There was a long pause. Ozark had made his explanations. There wasn't anything else for him to say.
"And there's nothing we can do?"
Ozark sighed again. "If we were to shut down every power station, every appliance, cease using electricity for a year, that might be enough to head off the phase change, allow the radiation to dissipate to safe levels. And I know as well as you that that's not possible. It would also help if we could persuade people to stop wearing crosses, but that would be nearly as impossible."
The old man's gaze narrowed, and Ozark found himself pinned beneath those eyes. Eyes as sharp as knives had only been an expression before, but now the physicist knew what that phrase really meant. "So what do you want me to do?"

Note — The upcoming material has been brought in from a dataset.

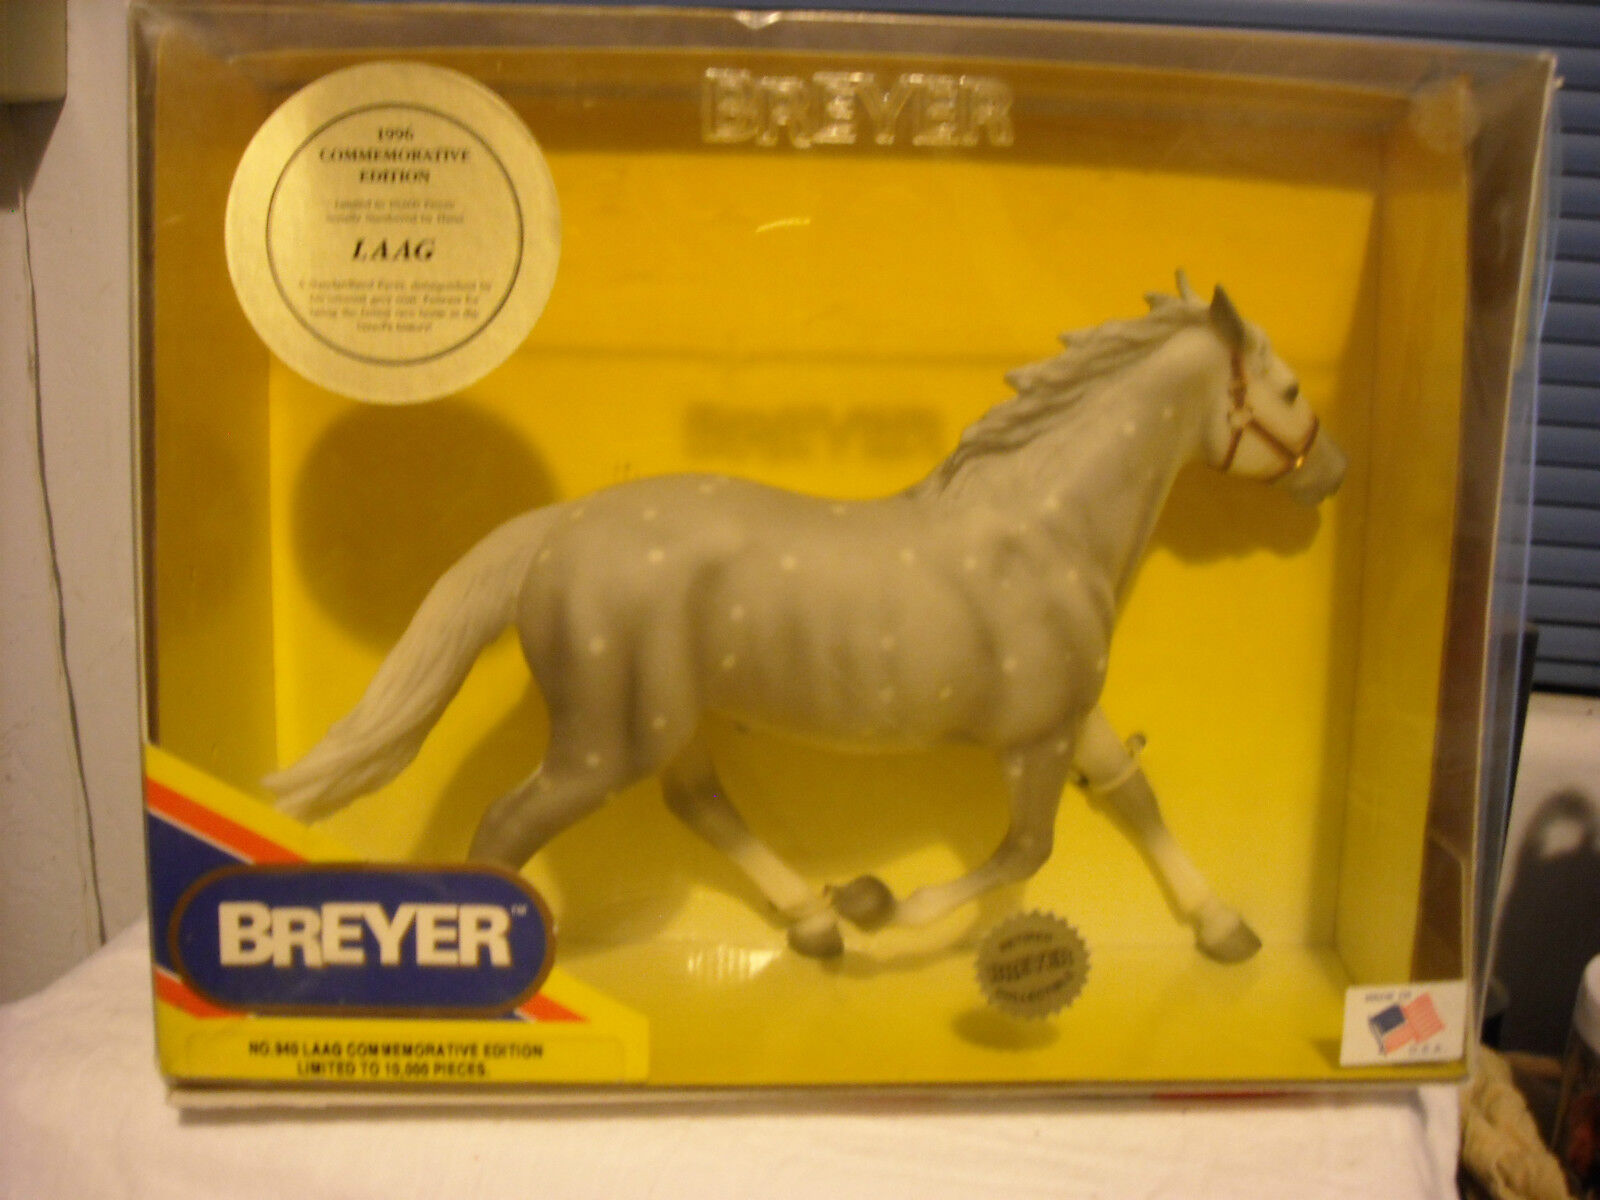 BREYER #940 LAAG~~STANDARDBRED PACER, 1996 COMMEMORATIVE EDITION~10,000 PIECES

Ozark took a deep breath. "The world is on the verge of experiencing the most terrible calamity it's ever faced. There'll be chaos, shock on a scale that's never been experienced before. We can't prepare everyone for what's about to happen, because most people wouldn't believe it, and the ones who did would go mad. What we need to do is warn certain key people, important people, so that they can plan ahead and be prepared to act when the time comes. We have to keep our civilization running, keep things together until the shock wears off enough for people to resume their normal lives. Or as normal as they can ever be."
There was another pause before Stonegal said, "You've given me a lot to think about, Doctor Ozark. I'll contact Professor Woo when I've reached a decision."
"Thank you, Mr. Stonegal." Ozark rose and shook the older man's hand again. "And thank you again for seeing me."
Once again, Ozark felt the other man's eyes pierce him. "You're a great man, Doctor Ozark. You may have just helped to save the world."
There was nothing Ozark could say to that. He released Stonegal's hand, and turned away.